*** Stored data Section Begins ***
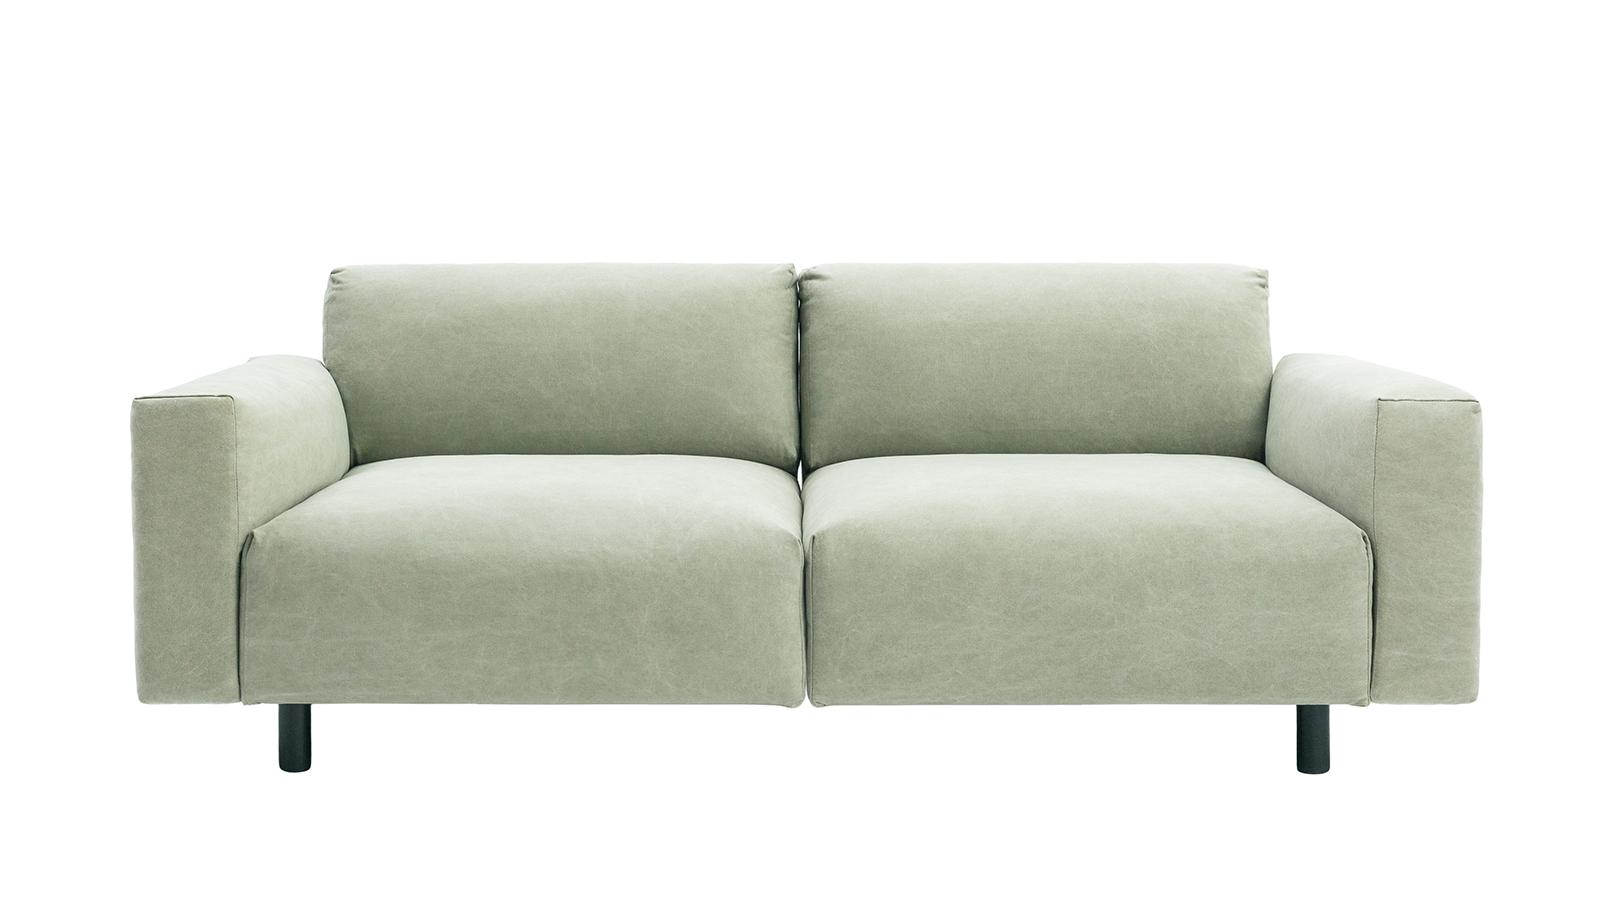 koti sofa ottoman by form us with love for hem sohomod. Black Bedroom Furniture Sets. Home Design Ideas
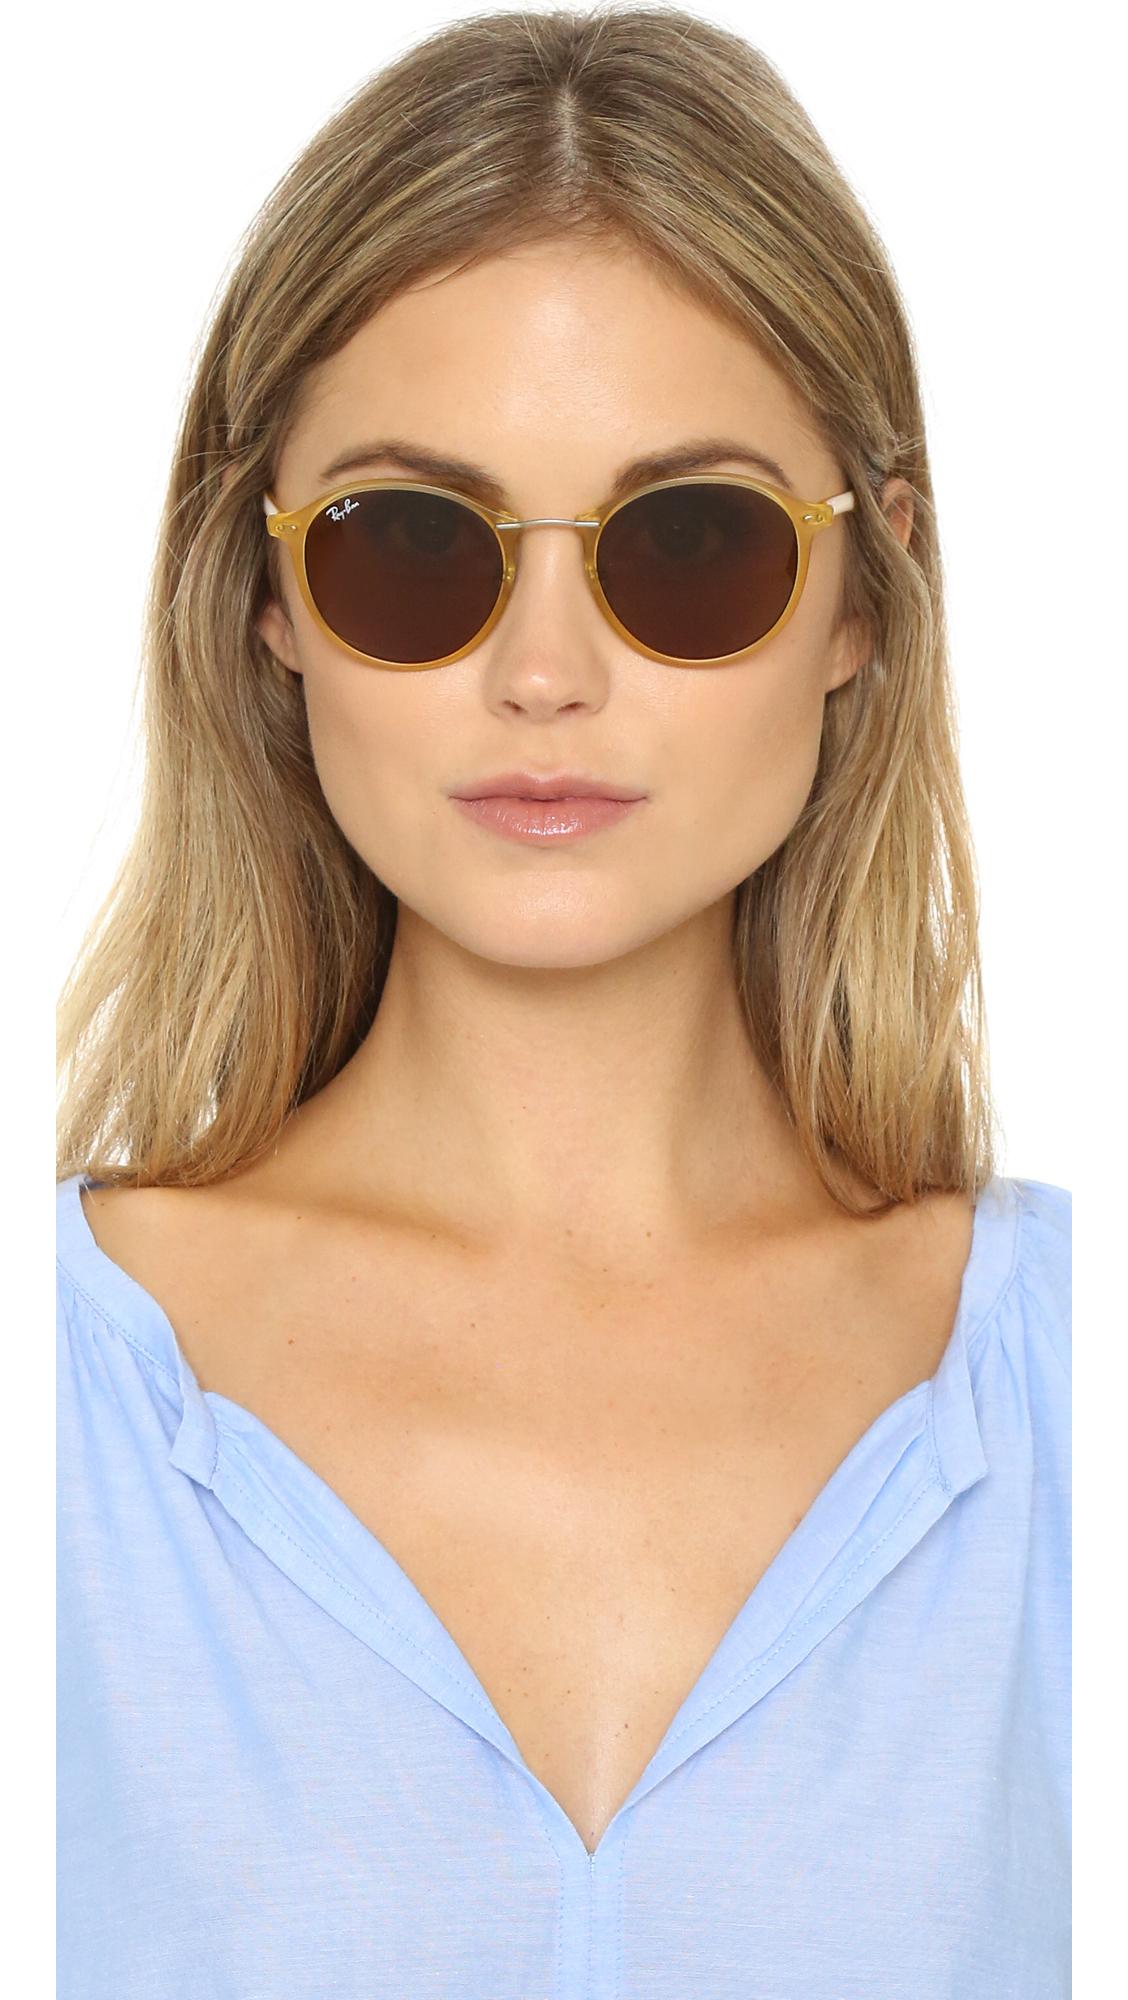 ed2ae5cfba6 ... norway ray ban tech light ray round sunglasses lyst f4ddd 184ed
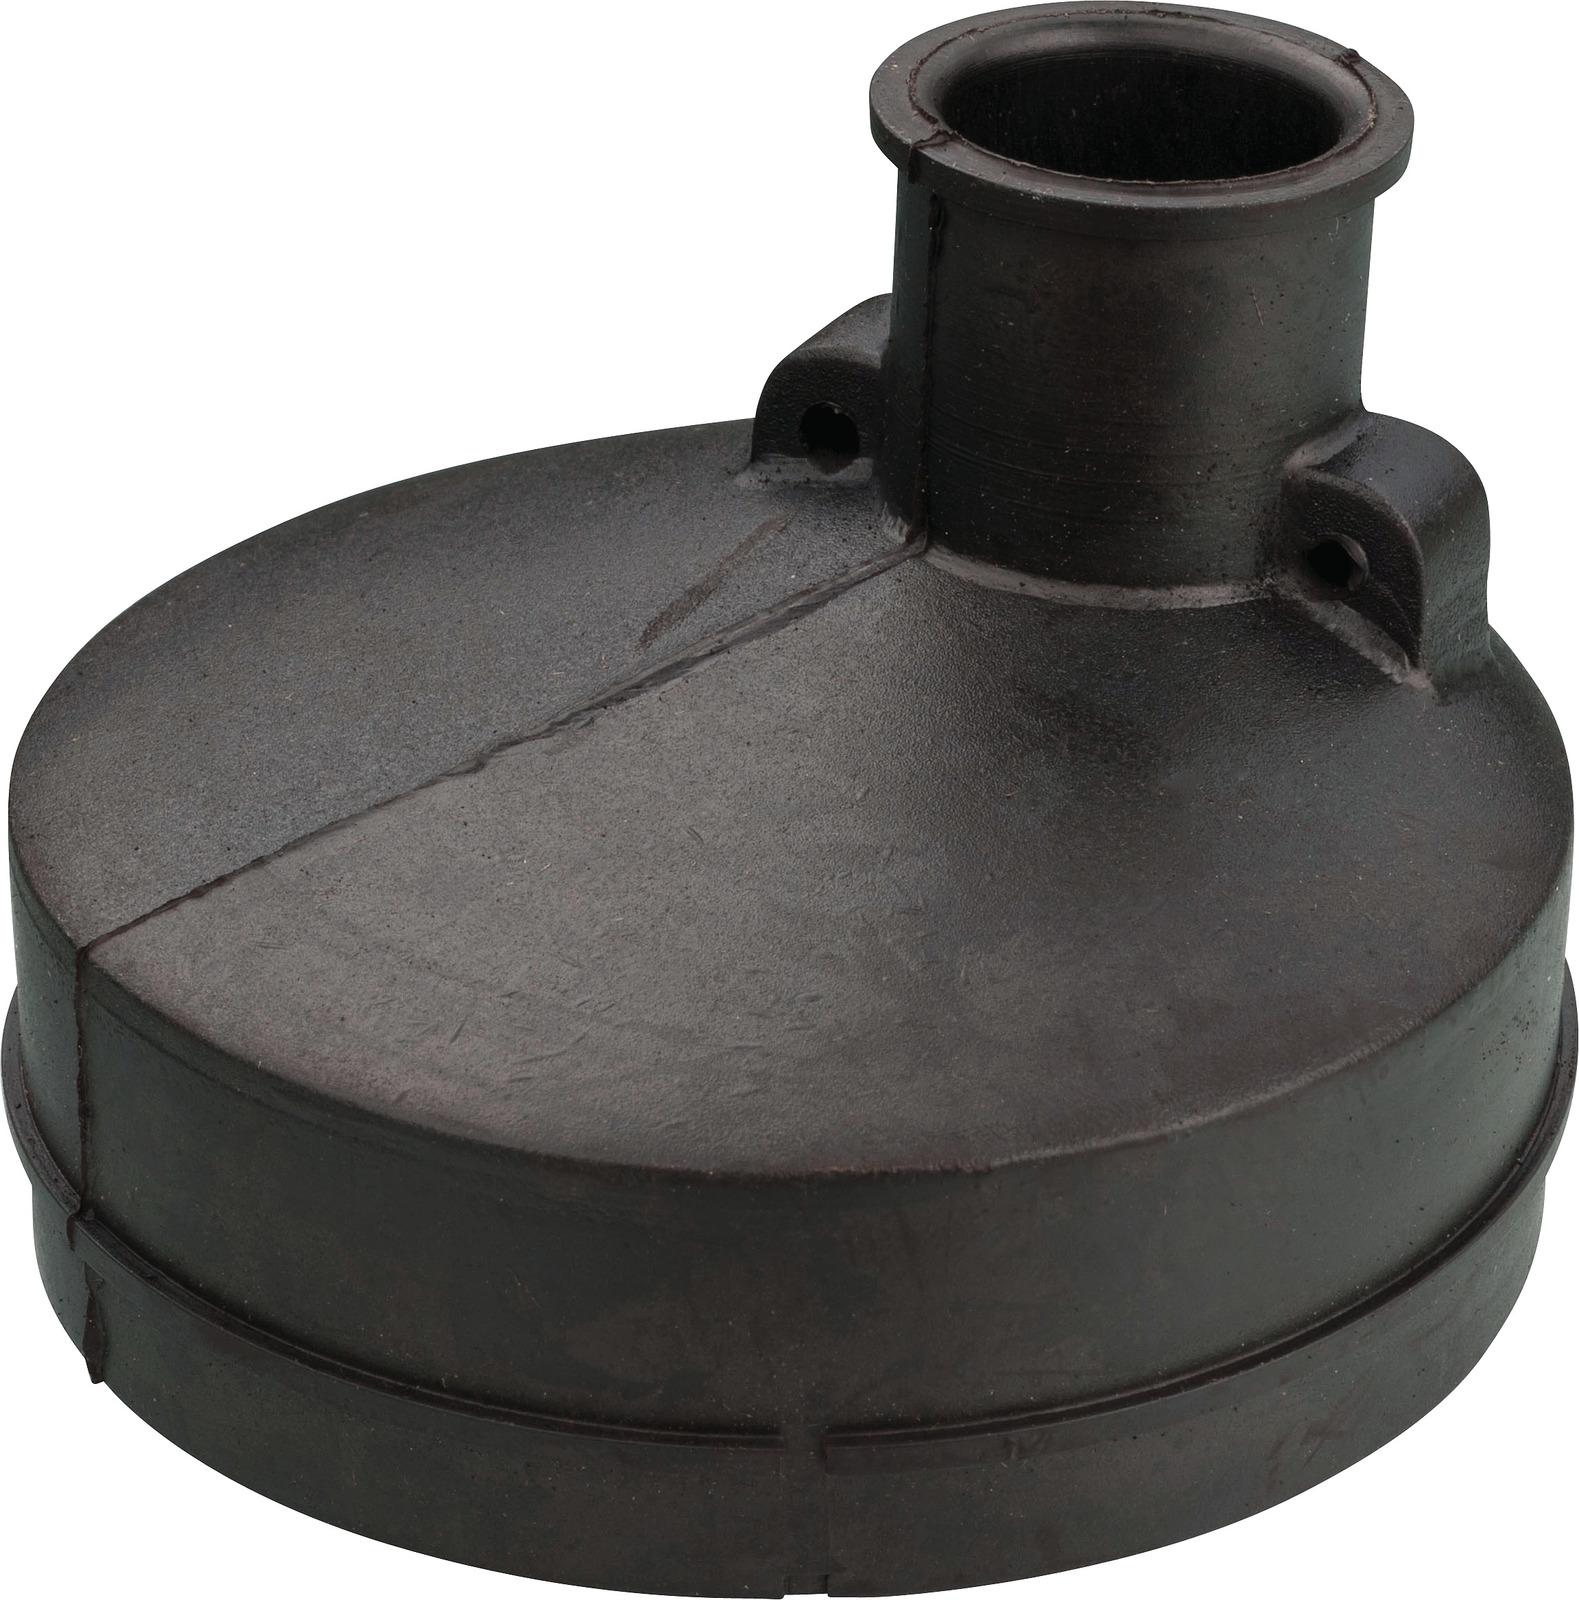 Schelle Ölabscheider Unten Oben Oil Separator Clamp SR500 XT500 OEM 90460-22083
*** Stored data Section Ends ***
> _What is being asked_
Reproduce the listing exactly, images omitted.

> _Task answer_
 koti sofa ottoman by form us with love for hem sohomod. Black Bedroom Furniture Sets. Home Design Ideas
 ed2ae5cfba6 ... norway ray ban tech light ray round sunglasses lyst f4ddd 184ed
 Schelle Ölabscheider Unten Oben Oil Separator Clamp SR500 XT500 OEM 90460-22083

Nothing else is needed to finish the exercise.